Le Mythe majeur, profond et beau, est partout présent dans cette histoire magnifiquement parée de symboles. Massir-Jonas, au terme de son voyage au bout de la nuit, accède à un plus haut degré d’existence parce qu’il a su tirer de l’obscur sa force, parce qu’il a su s’accorder aux puissances destructrices, parce qu’il a su maîtriser et assimiler l’ombre -”les tendances régressives du moi”, comme dit Jung. De cosmonaute, il est devenu homme divin. De fœtus en gestation dans le ventre d’un monstre, il est devenu géant, non point seulement au regard du peuple nouveau dont il permit la naissance, mais aux yeux de ses pairs, les humains.

Nul doute que sa pérégrination fut initiatique, et que, même si Stefan Wul ne l’a pas délibérément voulu, l’histoire est contée avec l’exacte rigueur de ceux qui connaissent le sens profond des légendes : c’est dans les ténèbres de l’inconscient que Massir voyagea, en quête de la connaissance définitive de soi.

Quand tu verras, dit le Livre des Morts Tibétain, d’étranges bêtes t’assaillir et offenser ta vue, “ne les crains pas. Ne sois pas effrayé. Reconnais cela pour être une forme corporelle de ton intellect.” C’est parole de vérité. Mais ne point considérer avec méfiance le fantasmagorique animal peut apparaître fort léger à qui connaît les pernicieuses facultés de celui qui les engendra : l’homme, le monstre le plus épouvantable de tous.

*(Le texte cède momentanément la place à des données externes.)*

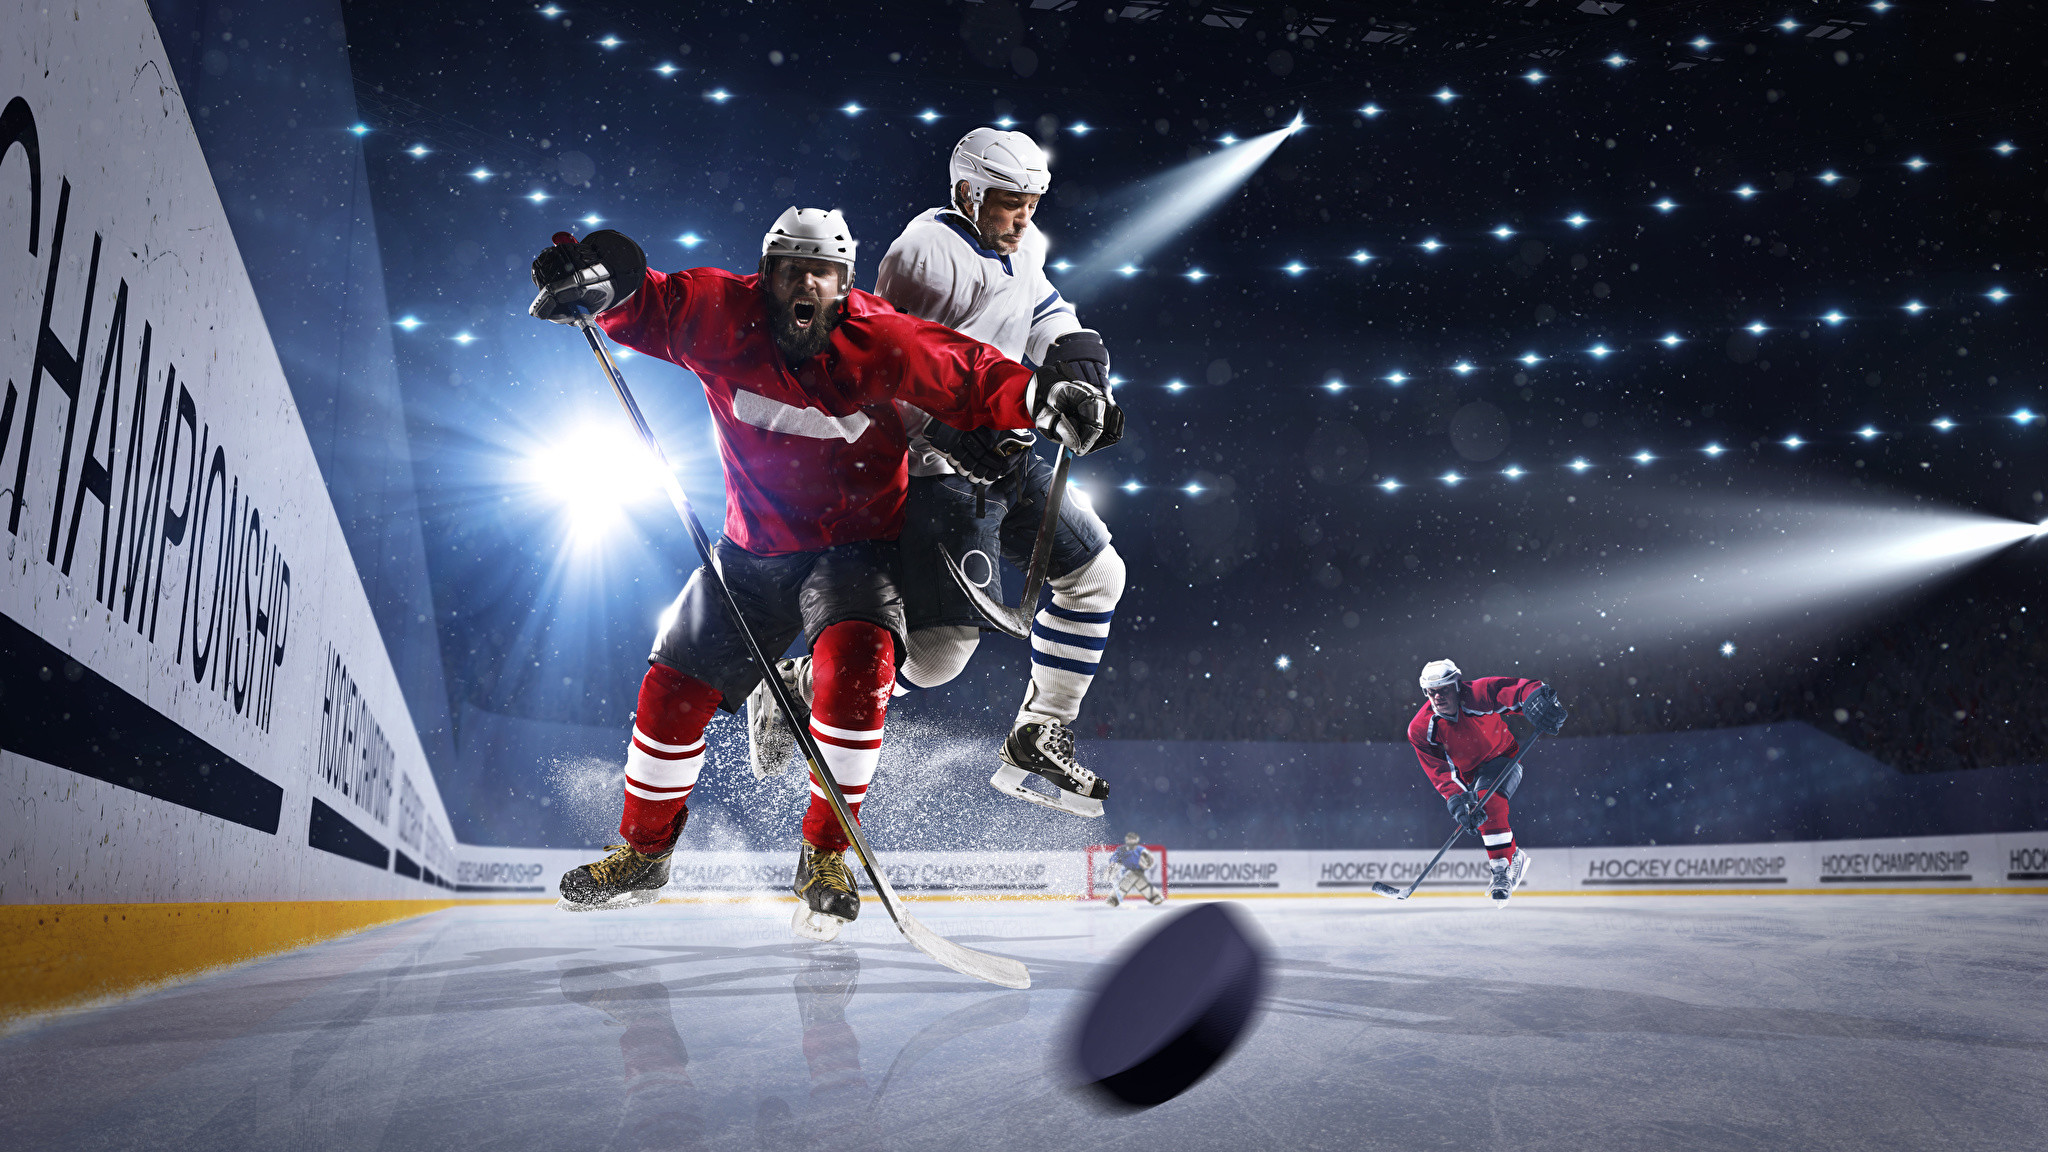 fondo de pantalla de hockey,hockey sobre hielo,hockey,juegos de palo y pelota,jugador,deportes

Voici une femme. Dans le confort feutré d’un cabinet de consultation, elle se confie à son psychiâtre. Auprès d’elle, tandis qu’elle parle, un curieux animal naît de son inconscient, prend forme et consistance (James E. Gunn, “L’heure du repas”) : “Il a un pelage violet, court comme le velu de certaines araignées, et quatre pattes pas réparties également comme celles d’un chien ou d’un chat, mais groupées dans le bas. Il n’a que deux bras, six doigts à chaque main, et ils sont flexibles comme s’il n’y avait pas d’os dedans. Et ils s’étirent à une longueur formidable. Son visage est presque humain, sauf qu’il est vert. Il a des dents très aiguës.” Un amusant fantasme, en somme, que le psychiatre va sans doute balayer d’un revers de main, avec un sourire indulgent. Hélas, le petit animal aux dents longues se précipite sur lui et le dévore jusqu’à la moelle.

On ne joue pas avec les monstres. Gardons-nous de les éveiller imprudemment. Et quand ils réclament leur pitance de chair humaine, sachons les satisfaire avec humilité. Nous aurons de quoi, tant qu’il y aura des psychiatres.

A suivre…

Démons et merveilles de la science-fiction (Julliard, 1974)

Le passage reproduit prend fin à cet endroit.